Et dans le café, des débuts assez réussis : (presque) autant de monde que pour la demi-finale Barça-Liverpool (mais sûrement moins que pour le Turquie-France masculin de ce soir). Un public plus féminin, des familles peinturlurées, qui ont gentiment fredonné la Marseillaise, mais aussi quelques autres duos d’amateurs masculins de foot.

Le Bûcheron qui est très intuitif m’a dit aux alentours de la vingtième cinq minutes : «Attention, c’est le moment du signe!

-Pardon?

-Si Wendy Renard marque de la tête sur corner, je t’annonce que les Françaises seront championnes du monde !

-Ah bon, c’est comme ça que tu raisonnes, toi ?

-Oui. Regarde ! »

La géante a préféré remettre le ballon de la tête à sa camarade de la défense centrale, qui a marqué d’une superbe reprise de volée. Mais le but a finalement été refusé pour un hors-jeu d’une demi-chaussure.
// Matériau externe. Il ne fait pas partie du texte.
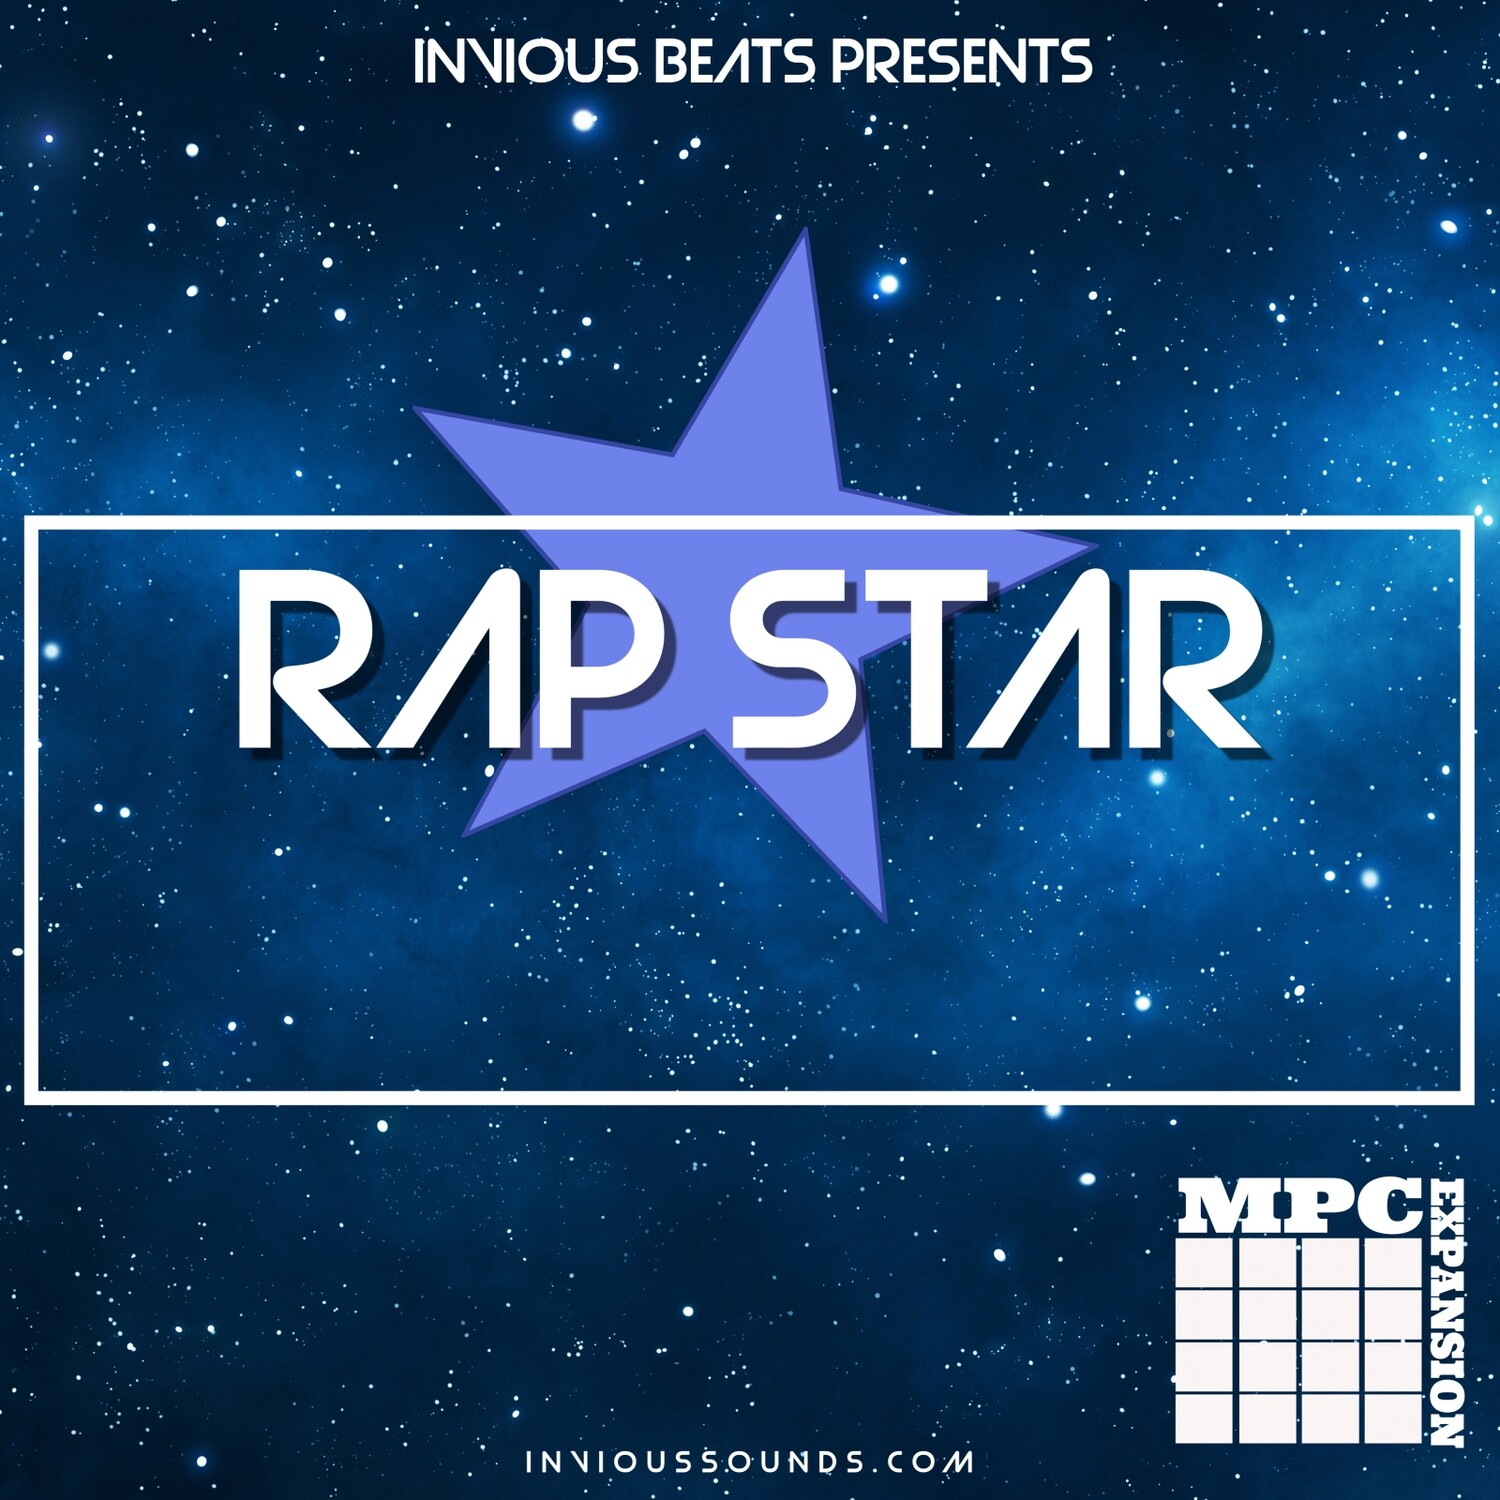 MPC EXPANSION 'RAP STAR' by INVIOUS

J’ai dit à Bûbûche : « Ah merde, elles ne seront pas championnes du monde alors? ».

Il a eu l’air dépité.

Quelques minutes après, comme pour s’excuser de son retard, Wendy Renard a marqué sur corner. Et une deuxième fois juste avant la mi-temps pour bien enfoncer le clou.

C’est toute la difficulté quand on est comme Bûcheron plongé dans le monde archaïque des signes : ils vous révèlent l’avenir mais ils sont quelquefois difficiles à interpréter.

Je lui ai dit qu’il ressemblait aux Grecs de l’Antiquité qui grimpaient la colline de Delphes pour interroger l’oracle d’Apollon Loxias : le dieu se débrouillait pour leur répondre de manière si énigmatique qu’il avait toujours raison même quand il avait tort.

A la mi-temps, j’ai fait lire au Bûcheron le bel article sur le foot féminin de  Yamina Benhamed Daho  dans Diacritik. Je lui ai évité de passer du temps sur les commentaires de l’Equipe, qui paraissent être le (dernier?) refuge des footix misogynes.

Avant notre départ, Grain-de-Moutarde, la fille cadette de Bûbûche nous avait déclaré qu’elle était « pour la plus stricte égalité entre les sexes également dans le domaine du sport ». « Par exemple, a-t-elle ajouté, moi, la coupe du monde de foot, je m’en bats les steaks autant pour les filles que pour les garçons ! ». Un point de vue qui ne manque pas de cohérence.

Elle a conclu : « Ca ne m’empêchera pas d’aller dans les cafés voir les demi-finales, pour le fun et pour boire de bonnes bières ! »

Une vraie fille d’aujourd’hui!

ELLES TOO?

Vendredi 7 juin 19

Le public français est-il prêt à s’enflammer pour les filles comme il s’est enflammé en juin dernier pour les garçons ? On sent que les media et le bizness sont sur les starting-blocks (même France Culture consacre une chronique, même Coca Cola y va de sa pub à l’arrière des bus). Cet évènement sportif peut prendre une dimension sociologique, à replacer dans la dynamique « Me Too » de l’égalité homme/femme.

Mais tout dépend de la réaction volatile du public : pour les hommes aussi, il n’a commencé à se passionner qu’à l’occasion du 8ième grandiose contre l’Argentine. Avant, les râleurs (dont moi) l’emportaient largement. Il n’y a que cette bûche de Bûcheron qui y croyait déjà.

Et la réaction du public dépend des performances de l’équipe : si elles se plantent, le bel édifice sociologique et commercial imaginaire s’écroule. « Ensemble pour écrire l’histoire », peut-être, mais, si elles ne trouvent pas les premiers mots, tout le monde va rapidement se désintéresser du scénario.

Intéressant : le Bûcheron et moi, nous avons décidé d’aller dans les mêmes cafés qu’en juin. Pour voir si ça prend pareil ou pas.